Foreign tourists are returning to Greece's sun-drenched islands and ancient temples, central bank data showed on Friday, boosting hopes that the key sector may help the crisis-hit country pull itself out of a severe economic recession.
Tourism figures have clearly benefited from comparison to last year, when speculation about Greece being forced out of the euro and fears of social unrest had scared away many visitors before the peak summer holiday season.
But Greece's tourist industry is taking heart from data showing a 38.5 percent annual rise in receipts in May and a 15.5 percent increase in the first five months this year and predicts a bumper season.
"It's a very positive sign,» Yannis Retsos, the head of Greece's Hoteliers told Reuters. «I believe this upward trend will continue in the coming months. With the help of tourism, Greece could take a first step towards growth."

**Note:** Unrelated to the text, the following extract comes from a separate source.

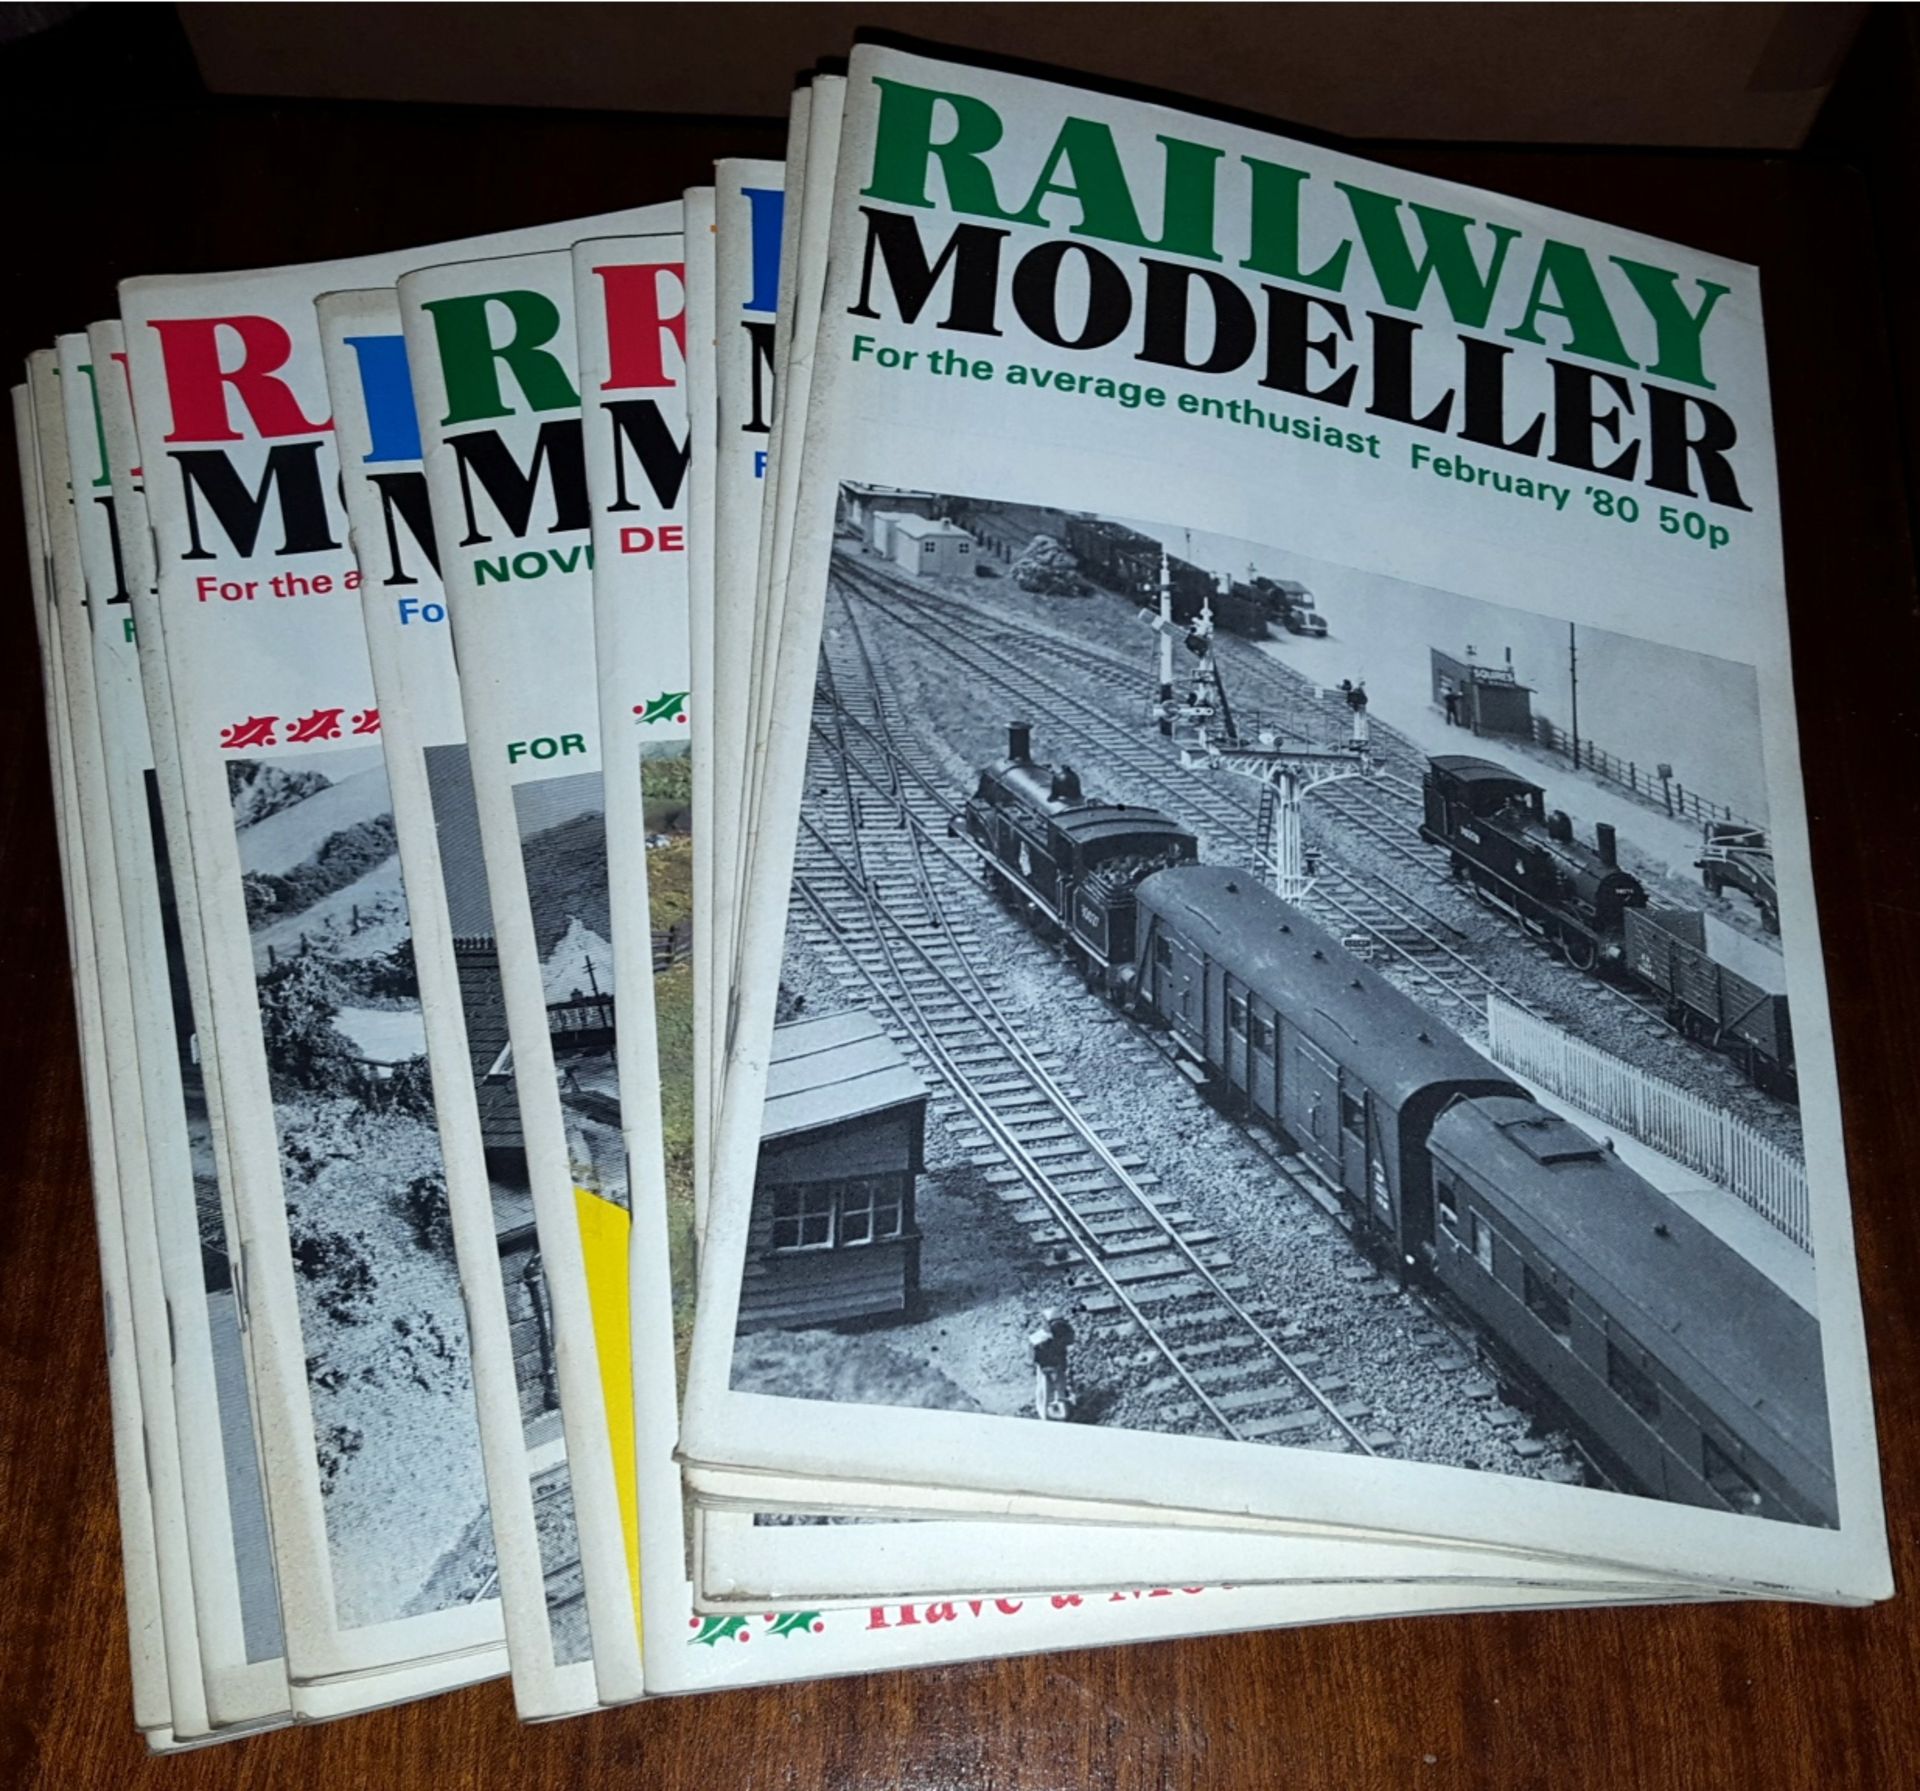 38 x Collectable Railway Magazines 'Railway Modeller' 1962, 1975 & 1980 NO RESERVE - Image 4 of 5

Greece's current account balance also swung to a small surplus in May, helped by a narrower trade gap and higher tourism receipts.
Tourism accounts for about 17 percent of output and one in five jobs in a country where unemployment has risen to about 27 percent. Tourism officials see a 10 percent revenue rise in 2013, to 11 billion euros, on the back of an expected record 17 million visitors, one million more than in 2012.
A popular destination mainly for Germans and Britons for decades, Greece is now attracting increasing numbers of tourists from Eastern Europe, with these markets accounting for about a fifth of total arrivals, a trend which is expected to continue.
In the first six months of the year, foreign tourist arrivals increased 10 percent annually with summer resorts such as the Aegean island of Myconos seeing a 60 percent increase in airport arrivals.
Although Greece expects more foreign visitors this year, domestic tourism - which accounts for up to 25 percent of total tourism revenues - has been severely hit and is seen remaining at last year's depressed levels, tourism bodies have said.
Greek incomes are being severely squeezed, cut by about 30 percent on average since the crisis started 2009, with signs that some Greek families can no longer afford long summer vacation or frequent weekend escapes away from Athens to nearby islands.
A survey conducted earlier this month by the consumers' institute INKA showed that more than two thirds of Greeks have not planned a summer holiday this year.
About 70 percent of the 545 respondents said that this was mainly due to financial reasons and 20 percent said job and income uncertainty had deterred them from making the decision.
The majority of Greek vacationers said their getaway would last up to five days and more than half of those polled said that they would stay with family or friends rather than spend money on hotels.